A typical deployed VOEvent network might resemble:

• Subscriptions (Avi Fhima):

This is where people can subscribe to various subsets of events. A fun schematic shows the different types:

A compilation of all VOEvents, including raw, signed, follow-ups etc. will be maintained here. RSS Parser (php code) was used to read and translate VOEvent packets into human readable form.
In the future there will be following additions:

• • Create an RSS feed xml file to be read by any RSS reader or webpage.
  • Add a menu to select which xml tag data to view

• Consuming VOEvents:

• • Solar System Objects and Variable Stars (Ashish Mahabal):

This part involves parsing a VOEvent packet for its id, position and error ellipse and obtaining a list of possible VOEvent contaminants (e.g. known asteroids and known variable stars) in that area.

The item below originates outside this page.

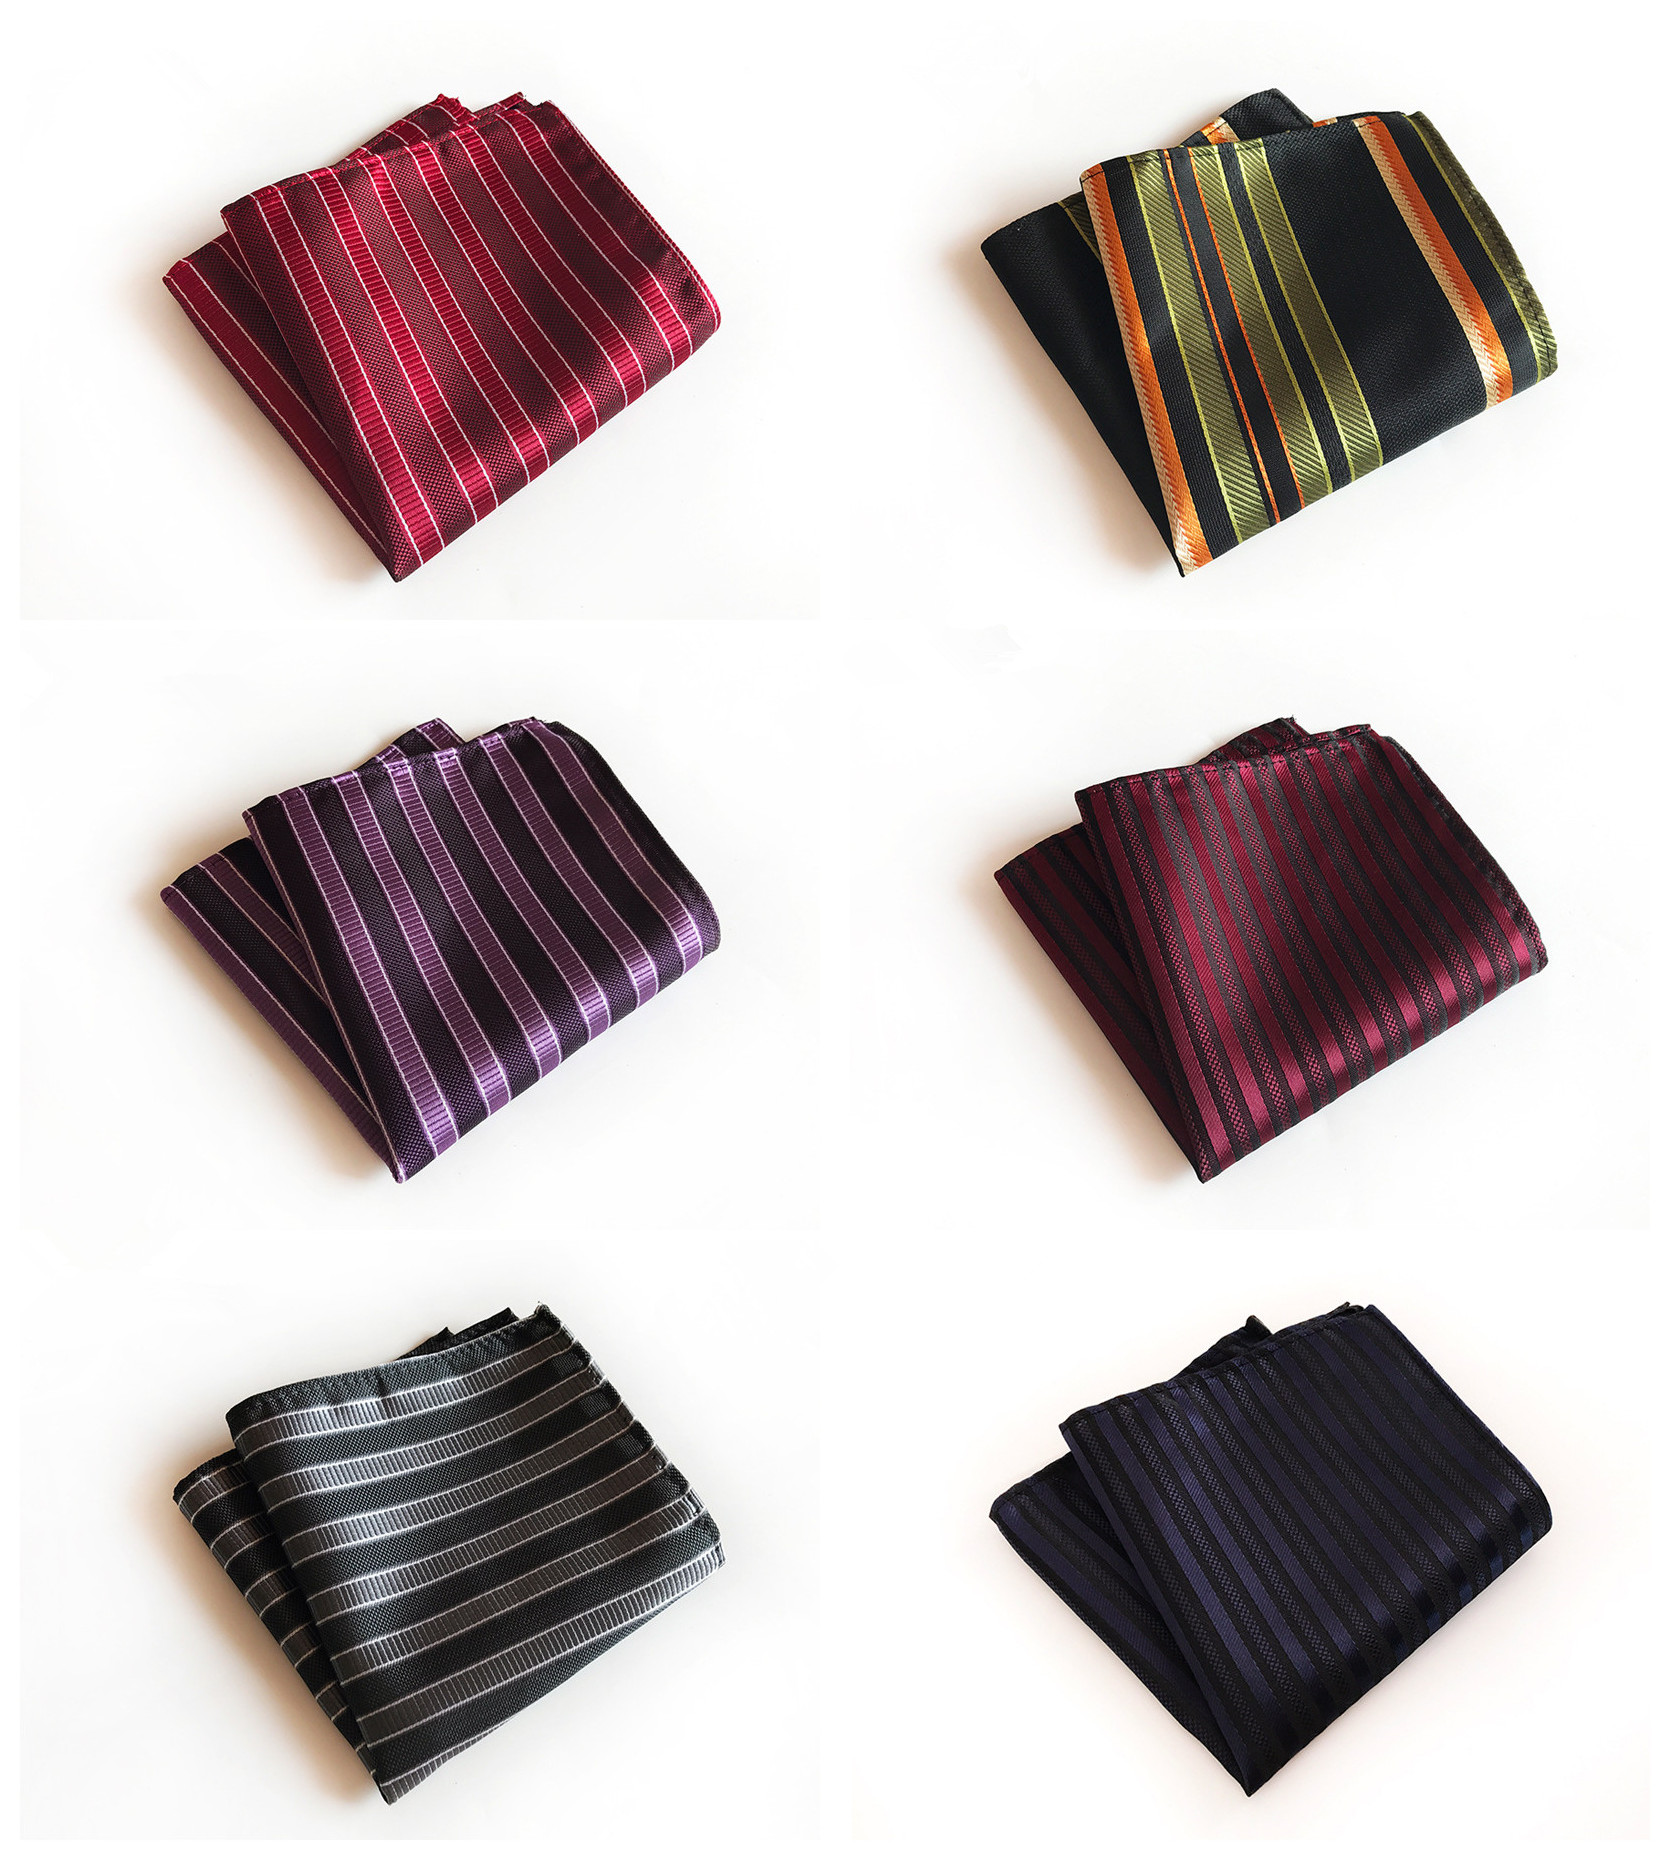 Unique Design Retro 25x25cm Polyester Pocket Towel Fashion Explosion Models Monochrome Business Dress High Quality Pocket Towel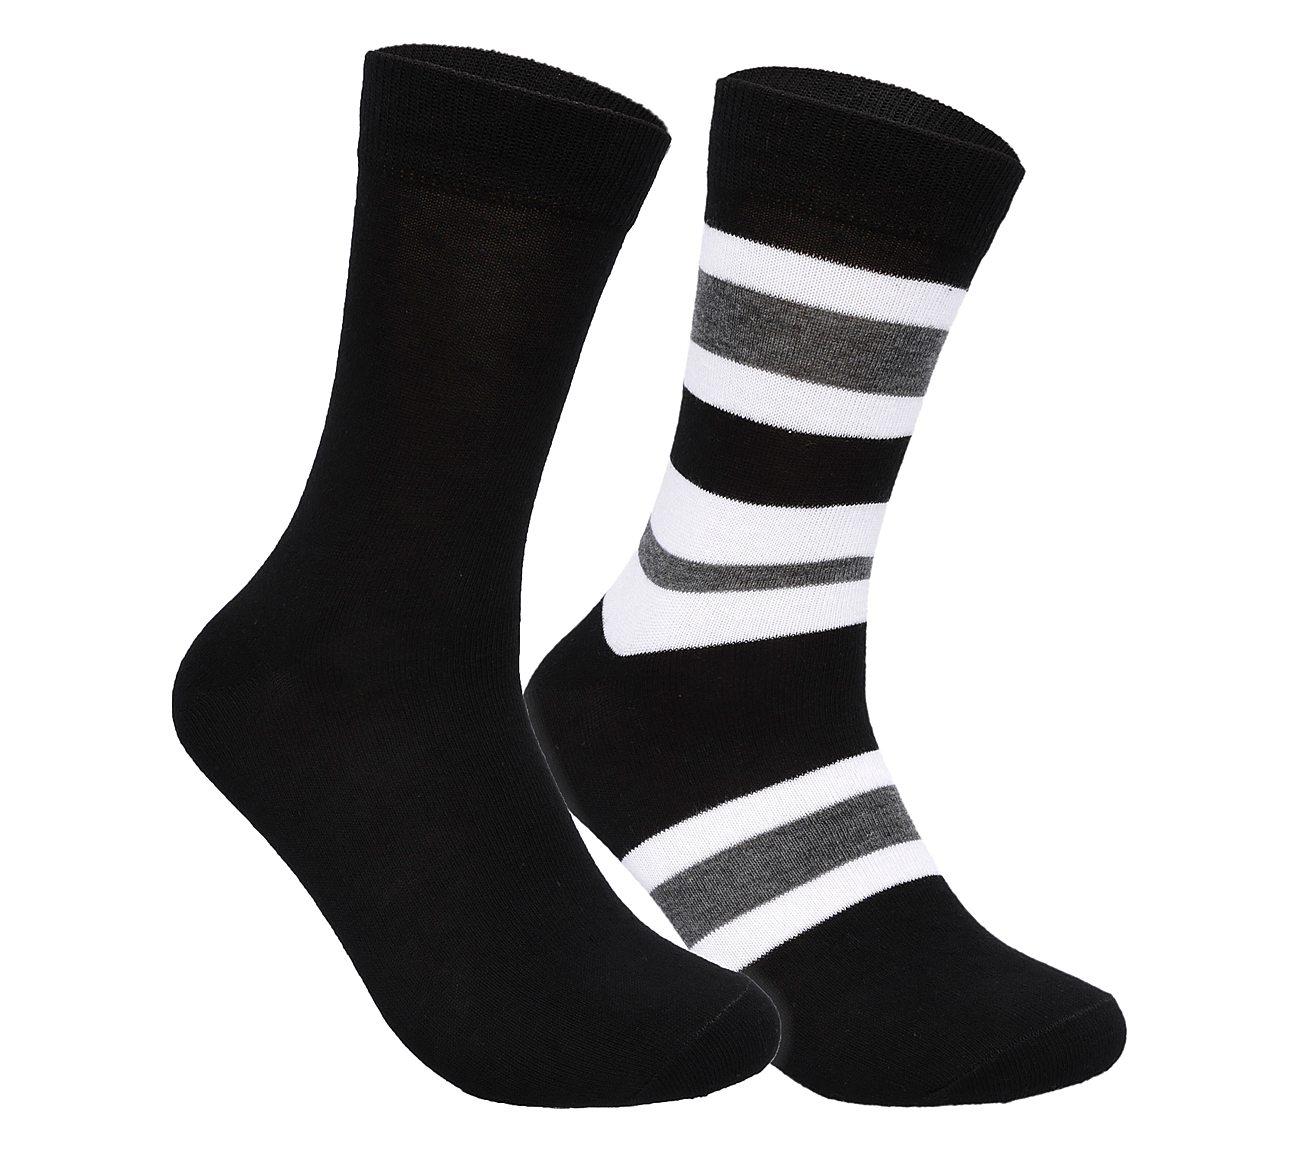 2 Pack Super Soft Crew Socks

In particular, the perl script takes the max. of the two error dimensions, ensures that it is between 60 and 1800 arcsec. and returns a list of objects in that region from

• • • The IMCCE database of asteroids by making a call to their webservice, and
    • The GCVS database of variable stars by making a call to their CGI programs

Actually, currently only links are written to the voeventable.html HTML page automagically updated when a new VOEvent arrives, but the hacked perl code does contain SOAP::Lite code to turn on the part that will directly call the webservice. Also, it is planned to convert the GCVS database in to webservices using a local mysql dump (provided by Aaron).

In the future the list of returned objects will be plotted as the Guide Stars are (next part).

• • Guide stars (Jorge Garcia):

When a certified event is automatically parsed in an Aladin script, a finding chart for the field of interest is computed and created. The resulting image, including a sky snapshot, with the best selected guide stars, detailing instrument configurations and field of view, plus VOtable with the selected stars are dynamically display on the default browser, keeping a safe copy on the archive area. On the client side (Observatory, telescope or instrument) a more specific solution is easy to implement, just using the correct filters for the right apertures, instrument setup, wave front sensors detectors or more specific catalogs.